Specifically, I currently use the K computer for conducting statistical analysis of a chain reaction of bankruptcy. By combining the interfirm transaction network data of about one million companies and detailed data of company bankruptcy provided by Tokyo Shoko Research, I can follow the process of a company's bankruptcy occurring from day to day and affecting the company's trading partners. An ordinary personal computer does not have enough ability to calculate this level of data size. Therefore, to make this analysis realistically possible, I use the K computer to reduce the calculation time to one-several thousandth or several ten thousandths. In the actual process, I go left and right repeatedly in the above figure; namely, I think of an economic theme, implement a program to do a calculation on the theme, think again about how to proceed with analysis in light of the calculation results, and then implement another program. This is precisely a process of trial and error (the outcome of my analysis work will be posted on the RIETI website sometime soon).

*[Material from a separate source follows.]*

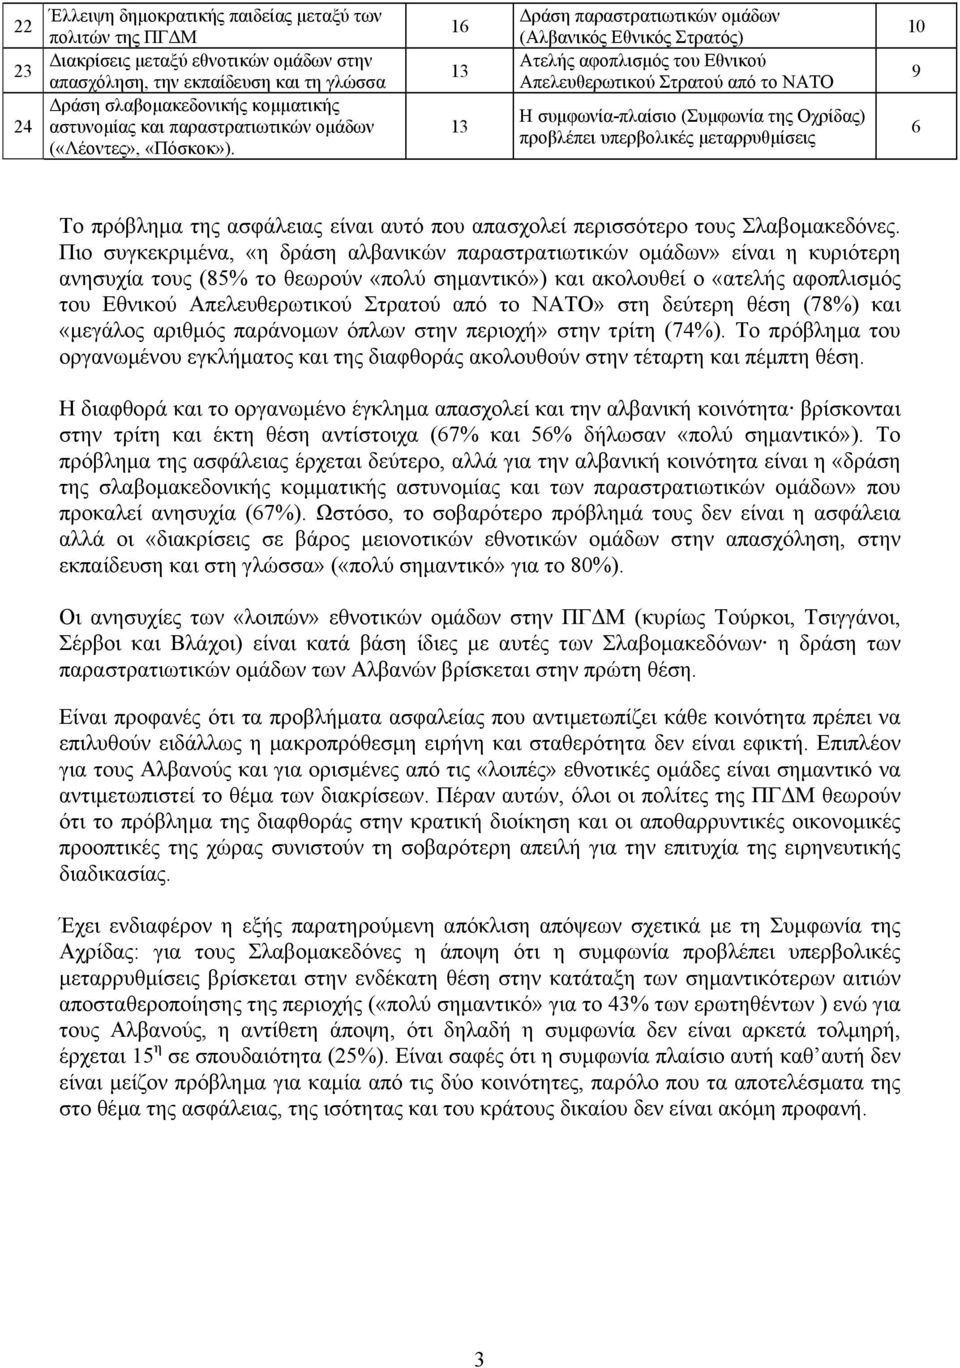 1 13 13 ράση παραστρατιωτικών οµάδων (Αλβανικός Εθνικός Στρατός) Ατελής αφοπλισµός του Εθνικού Απελευθερωτικού Στρατού από το ΝΑΤΟ Η συµφωνία-πλαίσιο (Συµφωνία της Οχρίδας) προβλέπει υπερβολικές

Along with the recent spread of the use of big data, calculation time will be a common constraint in data analysis. In this respect, there could be significant latent demand for supercomputers among economists, but when I talk about my analysis work using the K computer at conferences, for example, I often meet economists who try to find an excuse for not using a supercomputer. They might be feeling that using a supercomputer is a high hurdle, but I would have to say that such attitude is not constructive. They should rather look at the potential of supercomputers which I am sure will broaden the world of research. Thanks to the great efforts made thus far to encourage researchers in fields other than computer science to use the K computer, it is not so difficult to use it by learning a bit of C/C++ (or Fortran) and MPI (Message Passing Interface). The K computer has become applicable in a broader area, for academic and industrial purposes. Perhaps the use of supercomputers will be a standard research method in the field of economics in the future as well. I have some hope that "You are an economist, so I can't believe you have never used a supercomputer!" will become a normal reaction.